— Почему вообще не катетер? — спрашивает она, закрепляя иглу.
— Да чего-то там у них не заладилось, — отвечаю. — Я в этом не смыслю ни хрена.
Тимоха хихикает. И картошка вываливается изо рта.
— Ой…
— Извините, пожалуйста, — Тимохина мать убирает картофелину и сына за ухо с кровати стаскивает. — Я прослежу. Больше он вас не побеспокоит. Я не знала… отец вдруг решил, что хочет общаться…
— А так не хотел?
— Не особо, — она отводит взгляд, будто стыдясь. — Я думала, они в парк ходят или… Тимофей в прошлый раз игрушку принёс. И врал, что на горках катался.
— Врать своим — западло, — говорю.
И Тимоха обижается.
Надувается.
Да, с детьми сложно, особенно с мелкими.
— Иди, — указываю на дверь палаты. — И подумай…

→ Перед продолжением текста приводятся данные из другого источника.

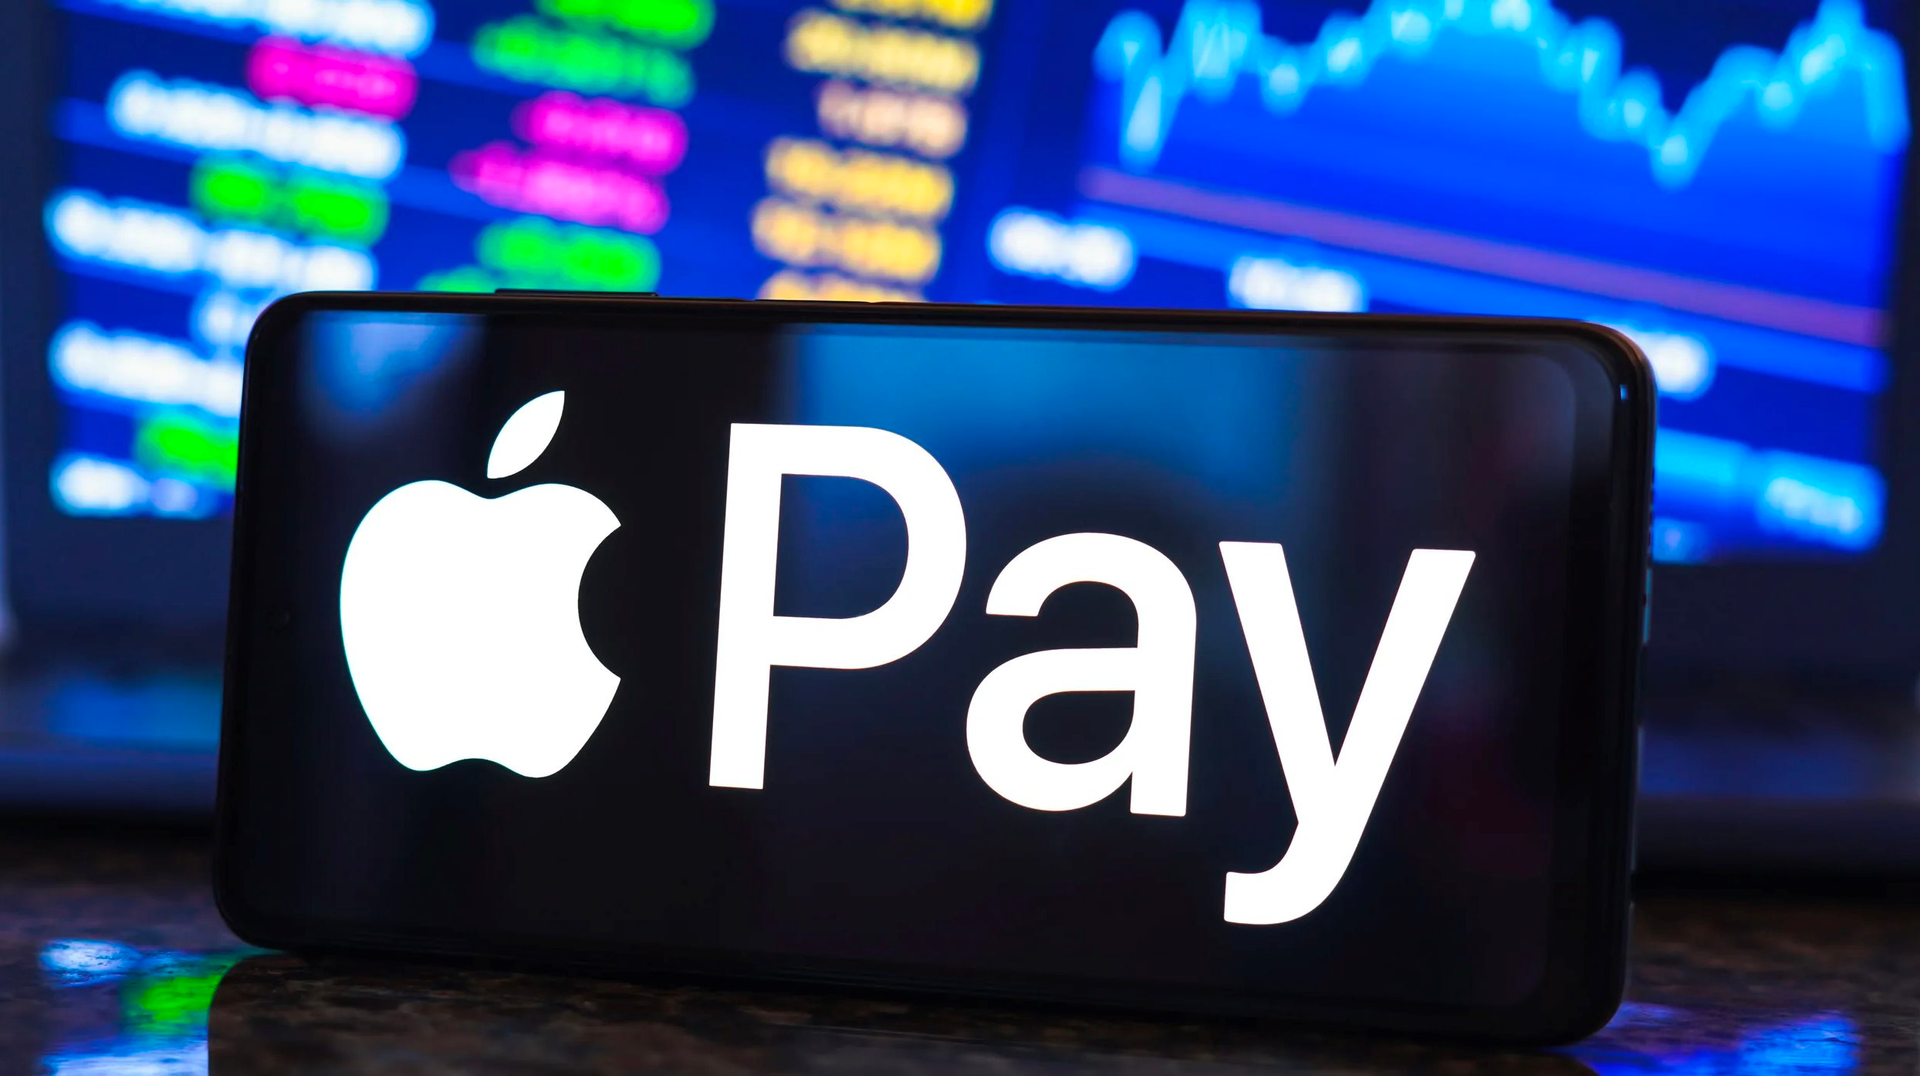 Apple Pay chính thức vào Việt Nam: Thanh toán được bằng iPhone, iPad, Mac, uống cafe, mua hàng Shopee hay đi taxi đều có thể sử dụng

— Папа… сказал, что так лучше, — он шмыгает носом. — Чтоб мама не нервничала… хорошо же.
Ну да. Папе — определенно. Привести малого, бросить… хорошо. Очень.
— Папа говорить может чего угодно. А у тебя своя голова на плечах должна быть. Думать надо. Ясно.
Кивает.
И руку протягивает робко так.
— Мир? Я… я так… лего оставить могу! Я ж так…
— Какое лего? — вспыхивает мать?
Понятия не имею, но коробка здоровая. Надеюсь, понравится.
— Да нет, это подарок, — руку поднять тяжело, пусть и не ту, которая капельницами сегодня обвита, но вот вторая с трудом отрывается от одеяла. И касаюсь теплых Тимохиных пальцев со страхом… нет, я ж не заразный. И вообще тут стерильно до охренения.
Но вдруг да…
Вдруг что-то случится от этого прикосновения.
— Мир, — отвечаю. И Тимоха убирает руку. — А теперь подожди там за дверью. С мамой твоей переговорим.
— Идём, — Ленка протягивает руку. — Слушай, знаешь, где тут воды взять можно? Пить хочется…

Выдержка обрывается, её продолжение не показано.